Introducing Chinese Text Analyser

December 3, 2014 at 06:23 AM

Imron,

Version 0.99.9.

With a txt file, whether opening manually or through "Open recent," it always open to the top of the document.

Also -- when looking up a word on the far right hand side of the screen, the dictionary popup is obscured by the screen margin. (see picture attached)

December 3, 2014 at 07:24 AM

Can you send me a copy of the file:

C:\users\<username>\appdata\local\chinesetextanalyser\data\recent

Also from within the application:

Close all tabs.

Open a large file

Scroll all the way to the end

Close that file

Reopen that file.

If it hasn't opened at the end, then:

Help->send feedback

Check 'attach log file'

Hit send.

December 3, 2014 at 07:50 AM

Hi Imron,

I just emailed the file "recent" to you.

The txt file still opens to the beginning (does not remember my place). When I tried to send feedback, the program crashed (see attached picture). I tried sending feedback several times. It seems to crash every time I attach the log. When sending without the log (only with the message "test feedback") and it went through ok. But when clicking to attach the log it crashed every time.

I'm using Windows 8 64. Sending from within China.

December 3, 2014 at 08:04 AM

That's not good.

Does it actually crash out to the desktop, or does it just freeze?

Instead of sending the log file from within the program, can you please send it manually.

It is located in C:\users\<username>\appdata\local\chinesetextanalyser\logs

There should only be one file in there NNNN.log where NNNN is a number. If there is more than one, sort the directory by last modified, and send the most recent one.

December 3, 2014 at 08:27 AM

hi Imron,

Yes, it is crashing to desktop. I tried just now and it is still crashing.

I located the logs folder. The only file in the folder was last updated September 20th. I have used the program many times since that date. (BTW I just checked my email: this date is the same day I won the license giveaway--the day you emailed me a license and I updated to the paid version.)

I'll email you the log now.

December 3, 2014 at 08:41 AM

Thanks. As you mentioned, the log file there appears to be from an earlier date (Sep 20). Were you running CTA when you went to that folder? The log file should only be there if the program is running. If there is no other log file there when the CTA is running, then there is a problem going on (and probably all connected to the issue you're having).

So this is the new set of steps

Close CTA.

Delete everything in the 'log' directory.

Restart CTA

Open a large file
Scroll all the way to the end
Close that file
Reopen that file.
If it hasn't opened at the end, then before closing the application:

Go to the log directory

If there is a log file there send it to me manually.

If there isn't a log file there, let me know.

Thanks.

December 3, 2014 at 09:00 AM

Imron,

To confirm, CTA was closed earlier when I went to (and emailed you) the log from Sept 20.

Here's the behavior I'm seeing. When I open CTA, a new file appears in the local/ChineseTextAnalyser/logs folder. But when I close CTA, it disappears from the folder.

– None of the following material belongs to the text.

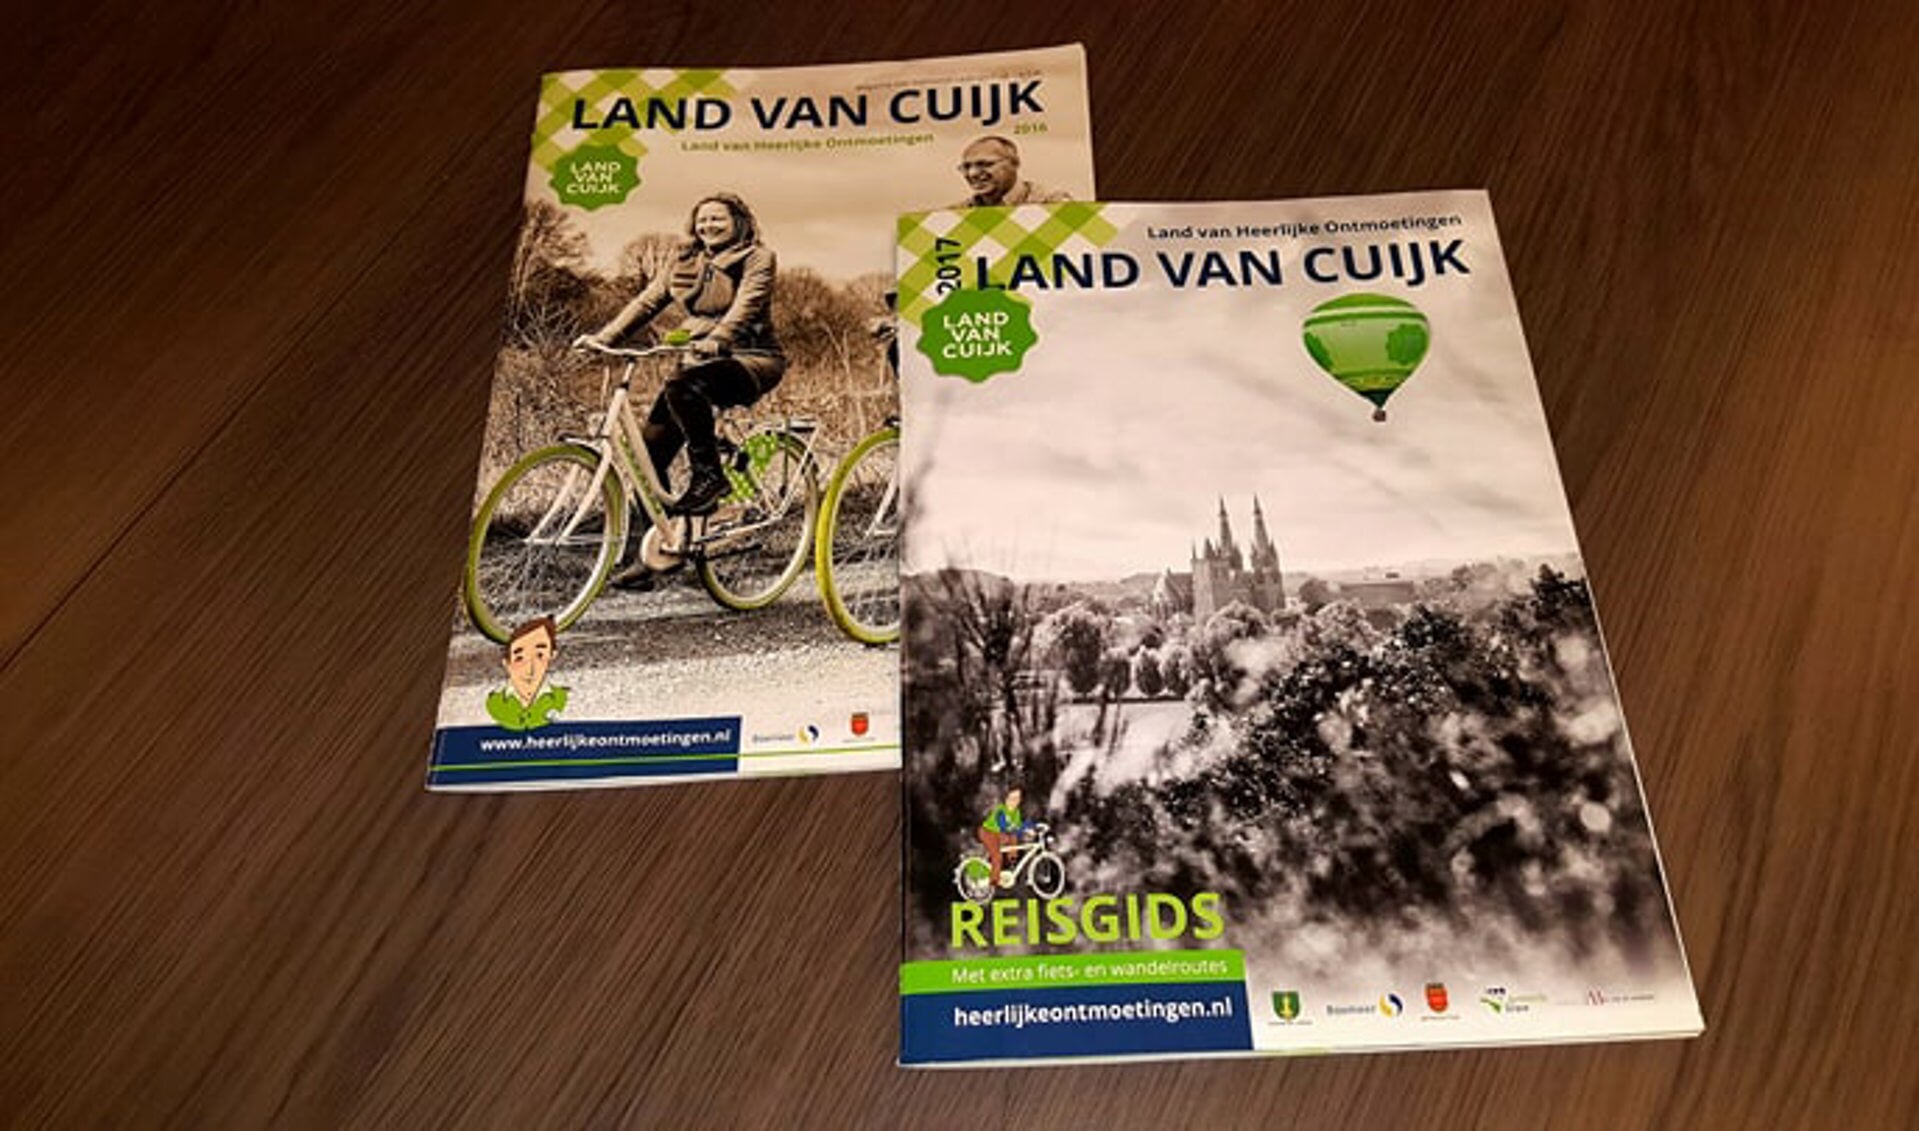 De nieuwe reisgids van Land van Cuijk verschijnt naar verwachting in het voorjaar.

I followed your steps and manually emailed you the log. My computer will not allow me to upload the log file while CTA is open (probably because it is in use). So I saved a copy of the log to my desktop and emailed you that instead. It should be the same file -- it has the same name, date, and filesize.

December 3, 2014 at 09:12 AM

Yep, CTA should clean up its log file if it exits correctly. I should have mentioned the copy thing.

Anyway, I've found the problem. It seems the file position thing isn't working for GB files and the file you opened in GB. Probably this is being caused because internally CTA only deals with UTF8, and so for GB files it converts it to UTF8 and stores it as a temporary file and then works with that temporary file and something is getting messed up then when saving the offset.

I'll fix that in the next version, but as a quick temporary solution:

Open the file

Ctrl-A to select the entire file

Ctrl-C to copy the entire file

Ctrl-V to paste the entire file to a new tab.

Close the tab and save the file. This will save a utf8 version.

Then, in the future use the utf8 version rather than the GB version.

December 3, 2014 at 09:25 AM

Imron,

Wow, that was fast! The files are now opening from where I closed them. Thanks :-)

A reminder that sending logs from the "send feedback" option is still causing the program to crash to desktop. And as mentioned above, when looking up words close to the right margin, the dictionary popup appears partly off screen.

December 3, 2014 at 09:45 AM

Yep, am investigating the crash, and the dictionary popup off-screen is something I've added to my todo list.

December 3, 2014 at 09:49 AM

Regarding: Word segmentation - it's interesting, the more I think about it, the more I wonder if it's possible to do this well without actually having a model that
"understands" (very loose usage of this word!) the grammar of the sentence. The correct segmentation of ABCD could be AB CD or A BC D depending on the grammatic functions. I remember the paper on SUBLEX-CH mentioned using a neural net that was trained on hand-segmented texts - so the neural net developed an internal model of the segmentation that was apparently quite accurate. Their data actually gives part-of-speech frequencies (e.g. how often is X used as a noun, a verb). So interested to know what your plan is. I also wonder if it will be a big speed hit.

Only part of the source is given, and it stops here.